Washington, Feb 20 : The findings of a study by scientists at the Buck Institute for Age Research have indicated that it is possible to test humans to find out if they are at a risk of developing Parkinson's disease (PD).
The study, led by Buck faculty member Julie Andersen, PhD, has suggested that preventive treatment may be useful for those who have high levels of MAO-B, an enzyme that regulates nerve activity in the brain and leads to Parkinson's-like symptoms in mice genetically engineered to overexpress the protein.
Also, the drugs in use these days as and additional therapy for PD in humans prevented the development of its symptoms in these same animals. Also, drugs currently used as an adjunct therapy for Parkinson's in humans.
It is well known that measurable levels of MAO-B vary 50-fold in humans and tend to increase with age. It has also been suggested through many studies that increases in MAO-B leads to neurodegeneration associated with PD, but direct proof of a causative role for the enzyme has not yet been found.
Since a long time, a drug called deprenyl, which inhibits MAO-B, has been used as a therapy for Parkinson's in combination with other drugs that boost the level of dopamine, an important neurotransmitter that is preferentially reduced in the disease.
According to clinical studies, the fact that deprenyl treatment solely does not have any impact on mortality associated with Parkinson's, has raised doubts on the role of MAO-B in the disease itself.
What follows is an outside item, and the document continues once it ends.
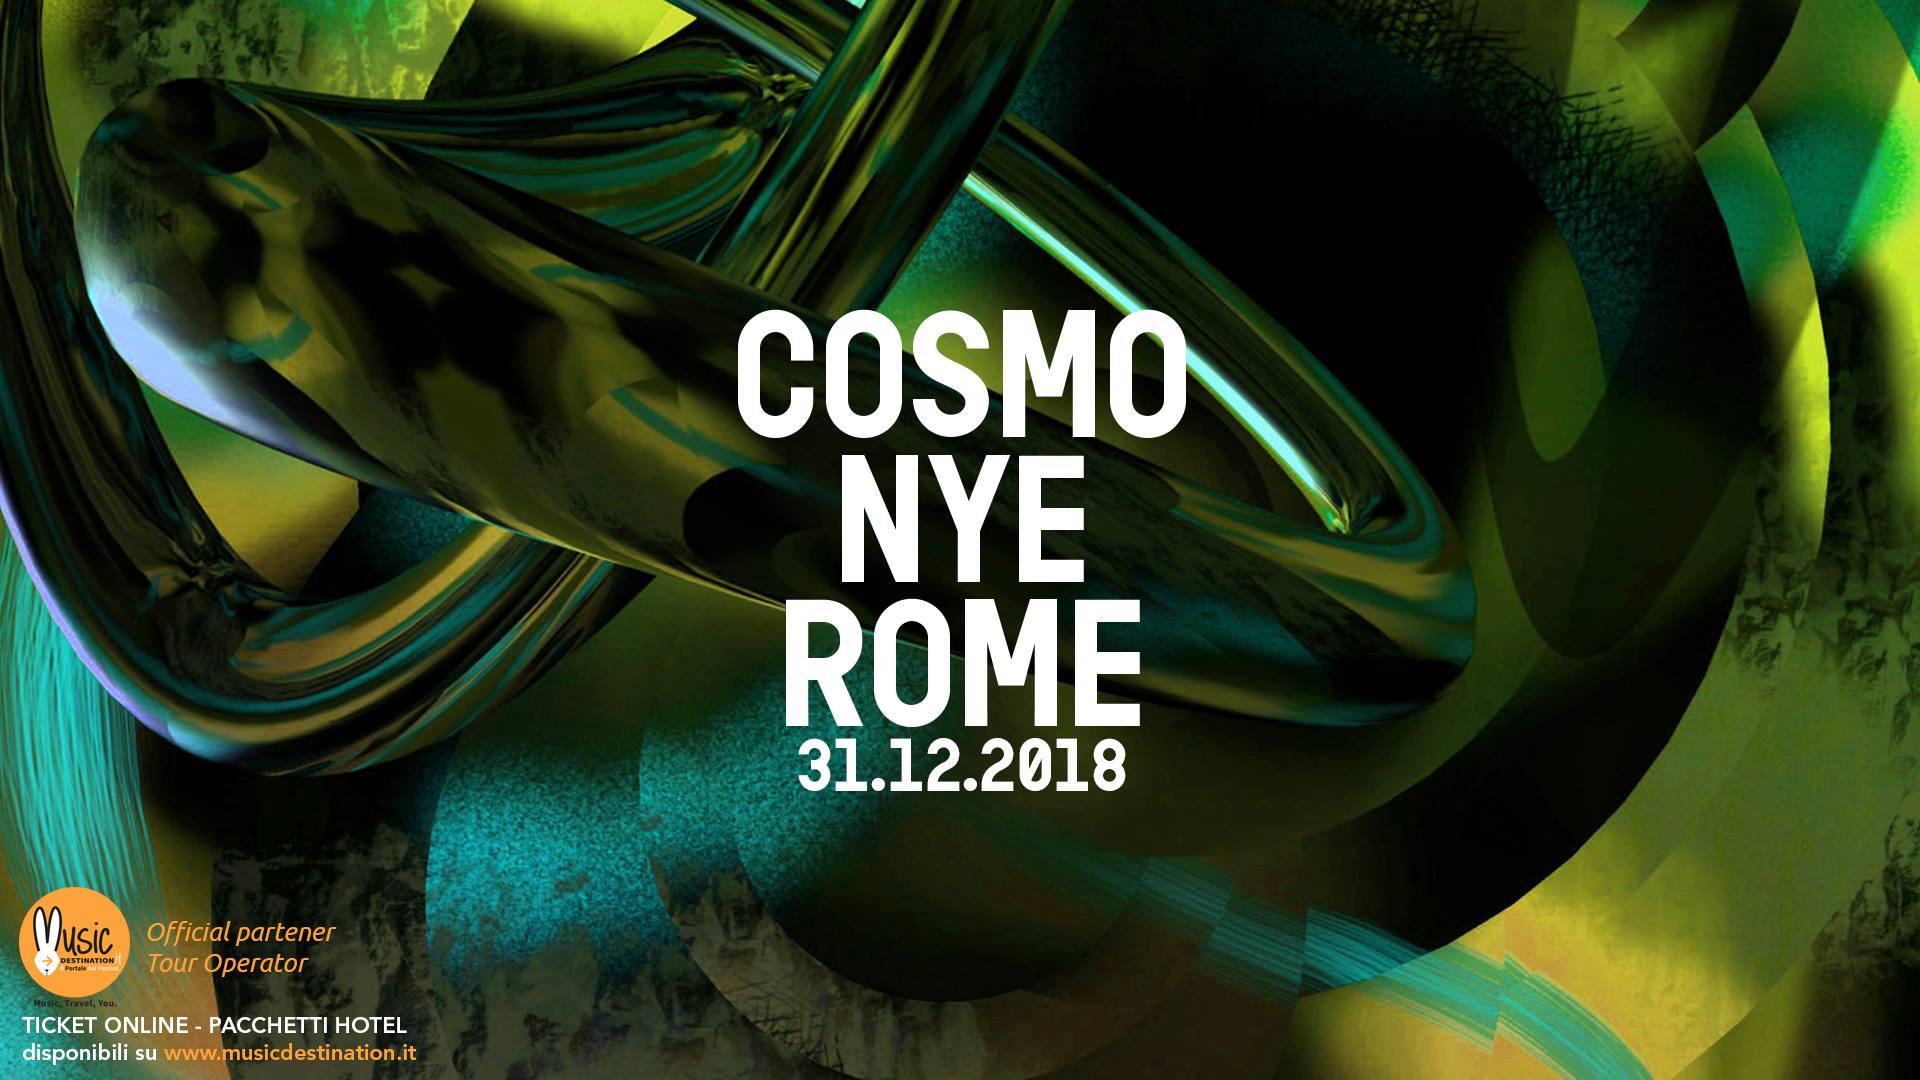 cosmo festival capodanno 2019 roma 31 dicembre 2018
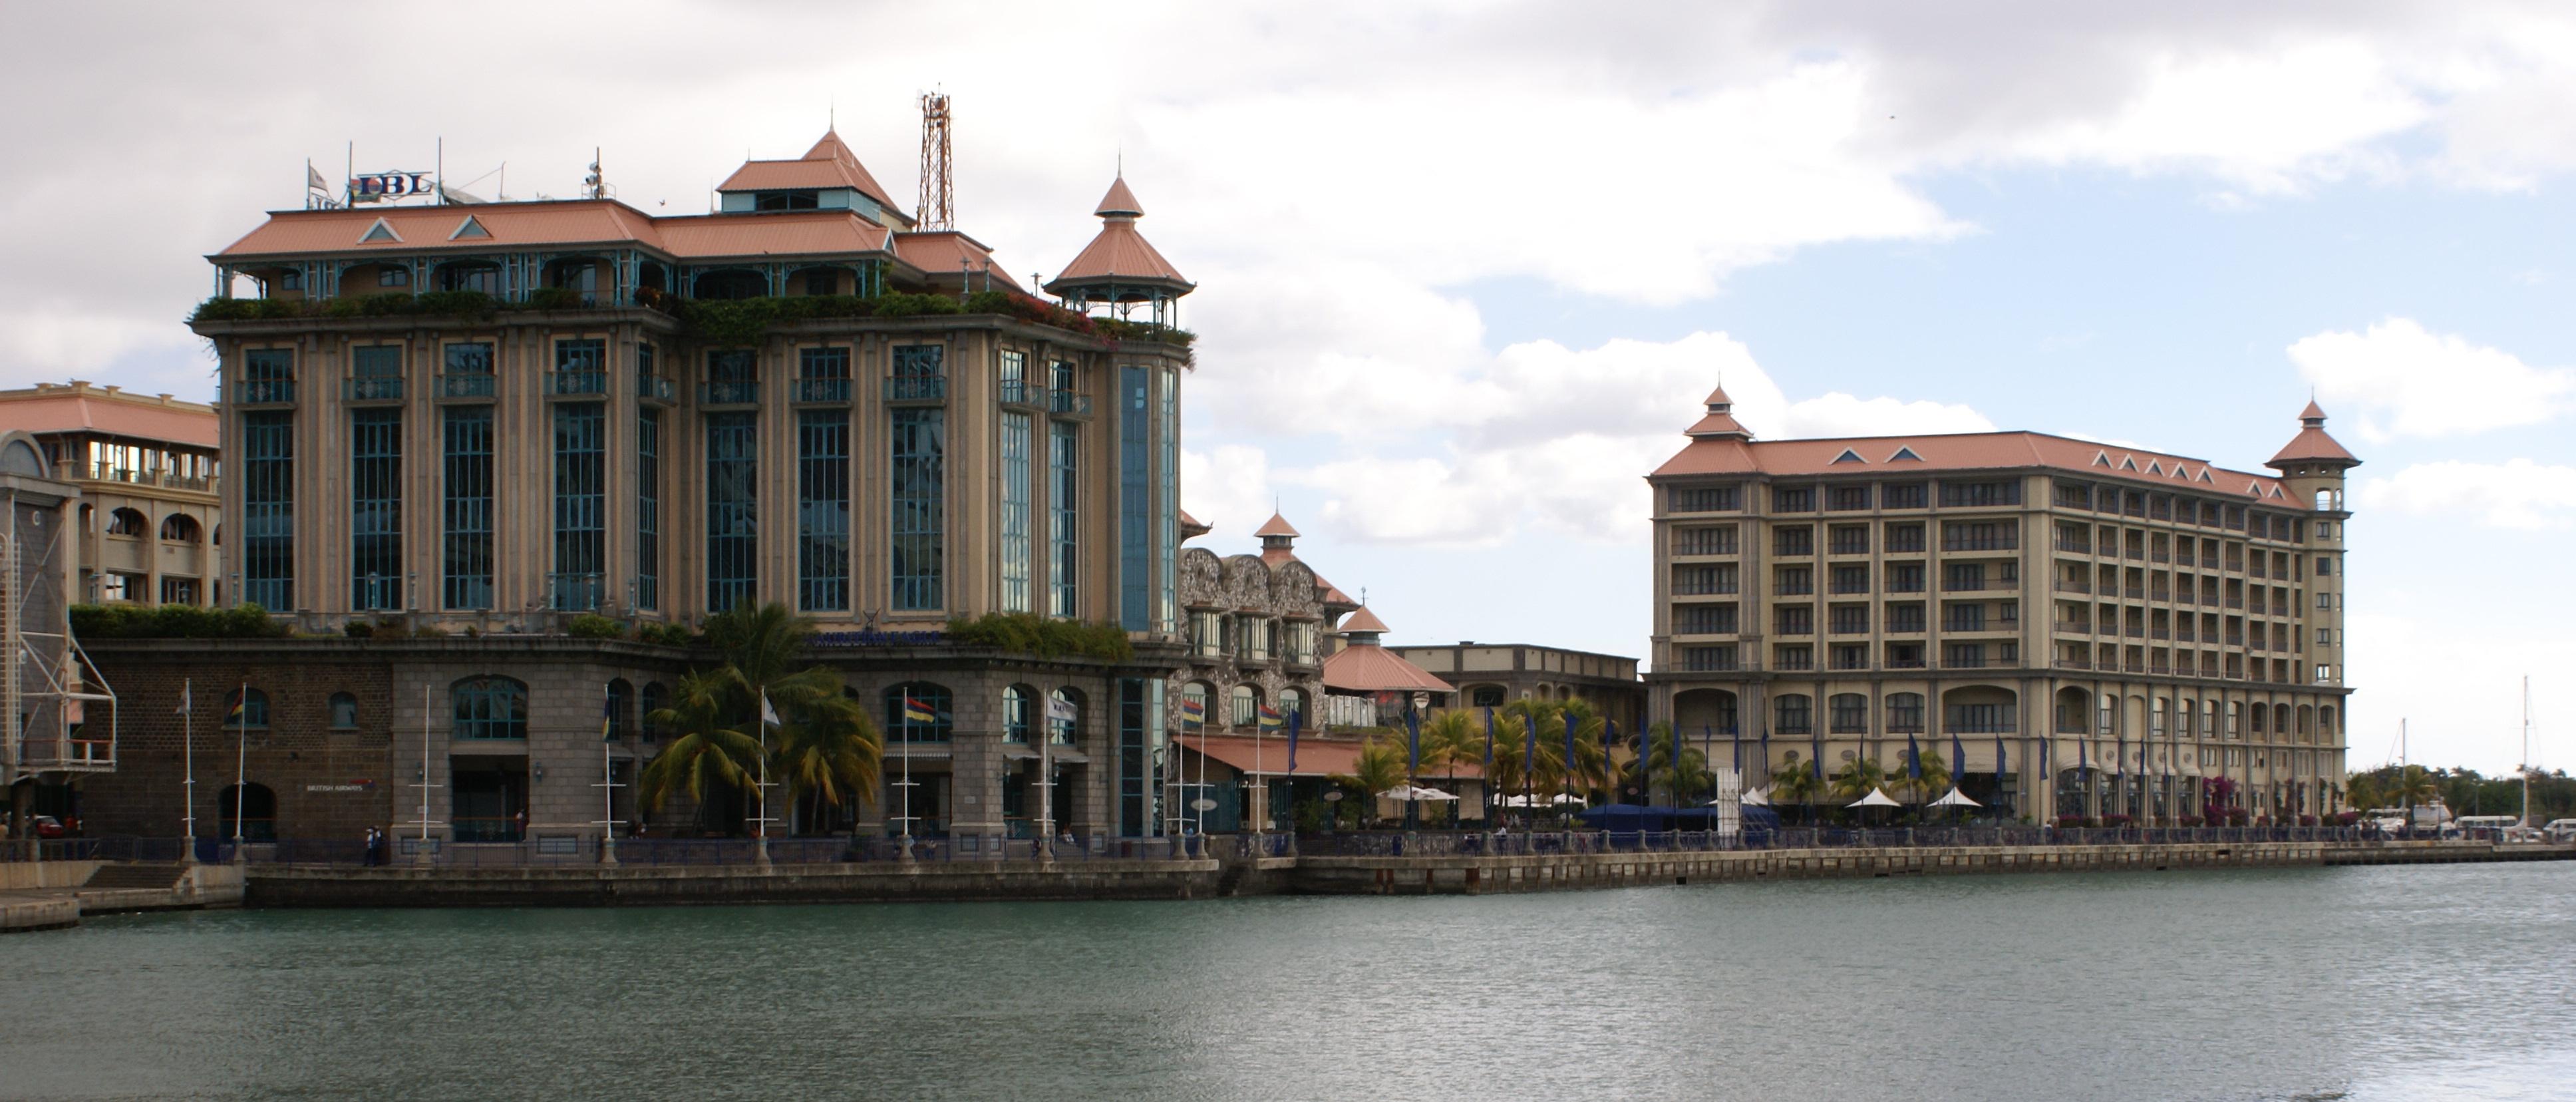 Air mauritius head office in port louis mauritius airlines airports - Restaurants in port louis mauritius ...

However, Andersen claimed that this might not be true.
"Those studies were targeted to patients who already had symptoms of Parkinson's -- by the time Parkinson's is symptomatically detectable, dopamine loss is usually at least 60%. Therefore the lack of effectiveness of MAO-B inhibition in these patients does not negate a role for MAO-B increase in disease development." Andersen added, "We have demonstrated that elevations in MAO-B result in selective loss of neurons associated with Parkinson's in a mouse model and that the severity of this loss is age-dependent," said Andersen.
Though, specific tests for measuring levels of MAO-B are not currently available to the general public, it is possible to track enzyme levels in clinical trials.
Andersen said that MAO-B testing could be similar to current practices involving cholesterol, which is measured and monitored as a risk factor for cardiovascular disease.
"However, it is important to note that Parkinson's is a multi-factor disease. The fact that someone has high levels of MAO-B does not necessarily mean they are fated to develop Parkinson's," said Andersen.
She also said that the results of the study point to the need for an early diagnostic test for Parkinson's.
"Currently, by the time people are diagnosed with the disease they have already lost 60% of the neurotransmitter levels implicated in Parkinson's; treatment with a drug like deprenyl would likely be most effective if taken before symptoms appear in order to halt disease progression," she said.
The study appears in the latest issue of the open-access, online Journal, PLoS One.